Rewarding Chatbots for Real-World Engagement with Millions of Users (2303.06135v2)

Published 10 Mar 2023 in cs.CL, cs.AI, and cs.LG

Abstract: The emergence of pretrained LLMs has led to the deployment of a range of social chatbots for chitchat. Although these chatbots demonstrate language ability and fluency, they are not guaranteed to be engaging and can struggle to retain users. This work investigates the development of social chatbots that prioritize user engagement to enhance retention, specifically examining the use of human feedback to efficiently develop highly engaging chatbots. The proposed approach uses automatic pseudo-labels collected from user interactions to train a reward model that can be used to reject low-scoring sample responses generated by the chatbot model at inference time. Intuitive evaluation metrics, such as mean conversation length (MCL), are introduced as proxies to measure the level of engagement of deployed chatbots. A/B testing on groups of 10,000 new daily chatbot users on the Chai Research platform shows that this approach increases the MCL by up to 70%, which translates to a more than 30% increase in user retention for a GPT-J 6B model. Future work aims to use the reward model to realise a data fly-wheel, where the latest user conversations can be used to alternately fine-tune the LLM and the reward model.

PDF Abstract

Overview of "Rewarding Chatbots for Real-World Engagement with Millions of Users"

The paper "Rewarding Chatbots for Real-World Engagement with Millions of Users" presents a rigorous examination of social chatbots deployed in conversational scenarios, emphasizing user engagement and retention. The paper proposes leveraging human feedback to enhance the engagement level of chatbots, focusing on the efficiency of pseudo-label-based training for reward models which rejects low-scoring responses generated by chatbot models at inference time.

Key Contributions

This work introduces an innovative method that utilizes automatic pseudo-labels derived from user interactions to train a reward model. This model enhances the chatbot's performance by evaluating and selecting responses that are likely to maximize user engagement. The authors propose intuitive metrics such as mean conversation length (MCL) to proxy the engagement levels effectively. The empirical validation conducted through A/B testing on a platform with a sizable user base shows a notable increase in MCL and consequent improvements in user retention.

Methodology

The paper deploys a three-stage pipeline similar to strategies used in training InstructGPT models. The process begins with fine-tuning pre-trained LLMs on domain-specific conversational and literary data. This is followed by crafting a reward model that dynamically learns the engagement value of responses. The paper introduces best-of-N sampling rejection during inference. Here, multiple responses are generated, and the reward model selects the response with the highest engagement score.

The inclusion of novel pseudo-labeling strategies stands out, where engaging responses are inferred from conversational metrics such as conversational continuation and retry rate. This approach bypasses the expensive and labor-intensive nature of manual data annotations by automatically deriving labels from user interactions.

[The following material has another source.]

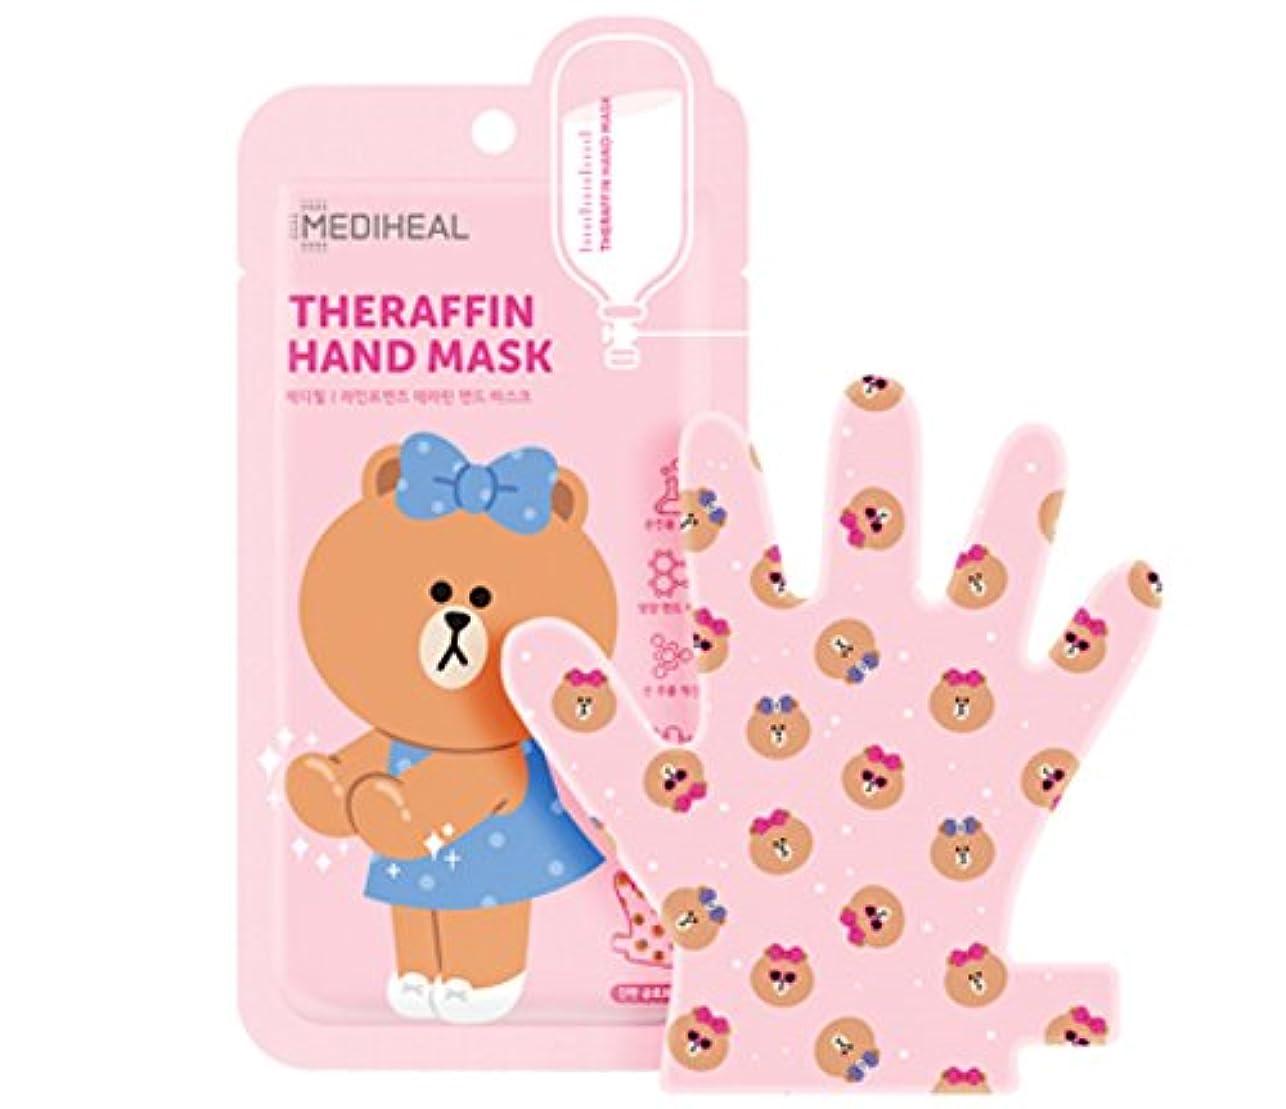 刺激する六分儀イベントMEDIHEAL LINE FRIENDS THERAFFIN HAND MASK テラピンハンドマスクきれいな手を作る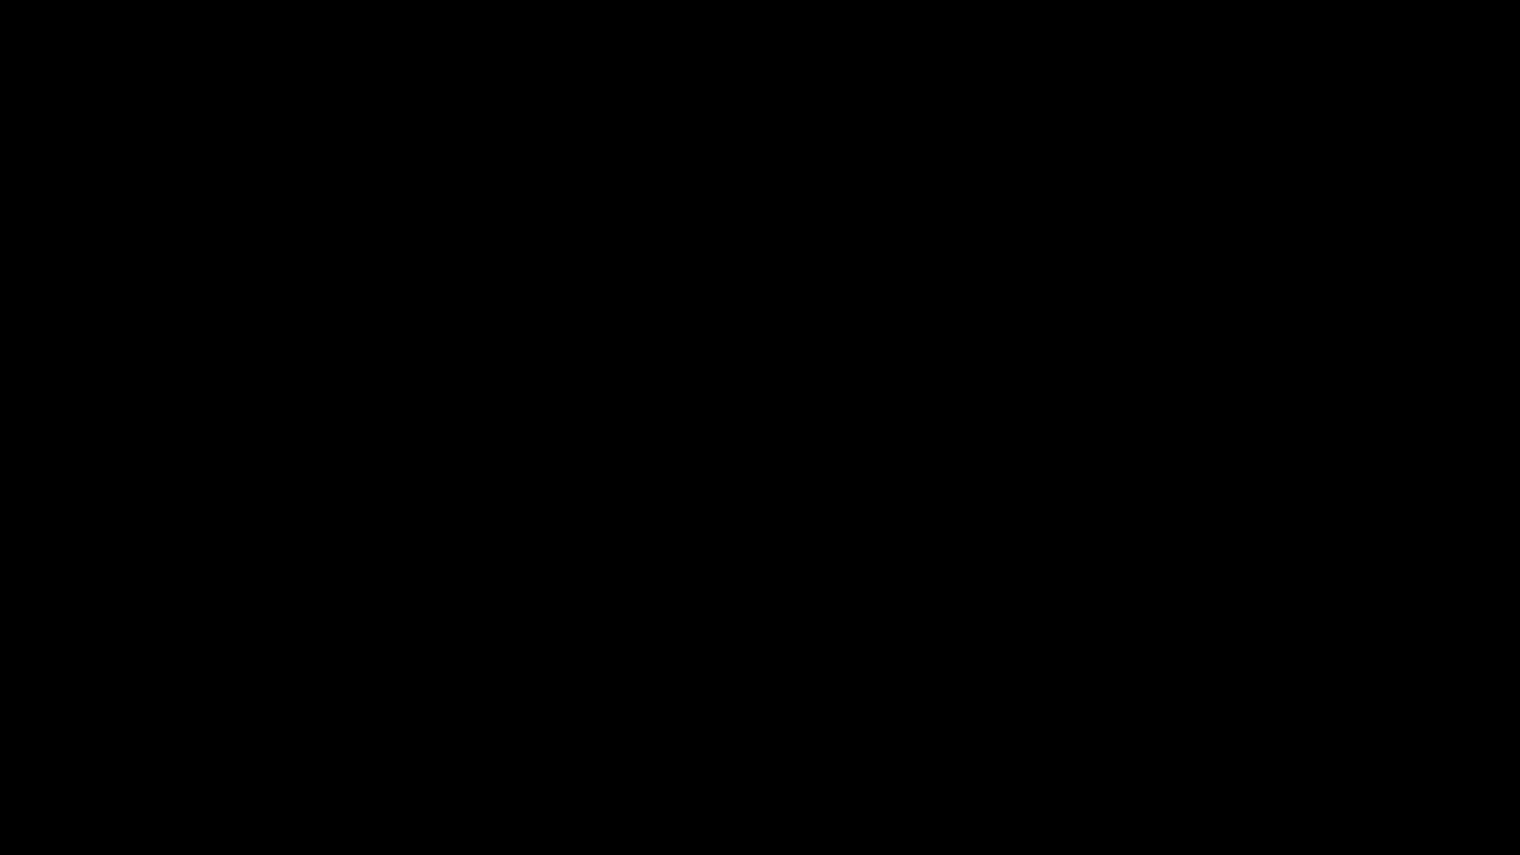 La remise des prix du Festival de Cannes 2017

Experimental Validation and Results

Experiments are performed using a GPT-J 6B model on the Chai Research platform which boasts millions of daily interactions. A suite of experiments reveals significant improvements in MCL, with numbers indicating up to a 70% increase in conversation lengths compared to a baseline lacking a reward mechanism. Crucially, these improvements translate to a more than 30% increase in user retention, affirming the premise that reward models informed by human feedback substantially boost engagement.

Implications and Future Directions

The paper emphasizes bridging the gap between language fluency and engagement in chatbots. By incorporating user engagement as a metric for chatbot evaluation, this work moves beyond conventional model training focused solely on language coherence. Practically, this enhances the value propositions of commercial social chatbots, aligning with goals like increased user retention and platform longevity.

Theoretically, this research hints at the ability to scale and refine feedback-loop-driven training of LLMs. The potential for further automation in feedback collection, possibly through advanced interaction analytics, presents a fertile avenue for subsequent investigation. Moreover, exploring hybrid approaches that combine human and automatic feedback models represents a promising direction to improve engagement while balancing computational resources.

Overall, the paper advocates for a shift in chatbot design philosophy—prioritizing user engagement directly in automated response selection mechanisms. As this field advances, insights from this work could inform broader AI systems where user interaction modulation is critical.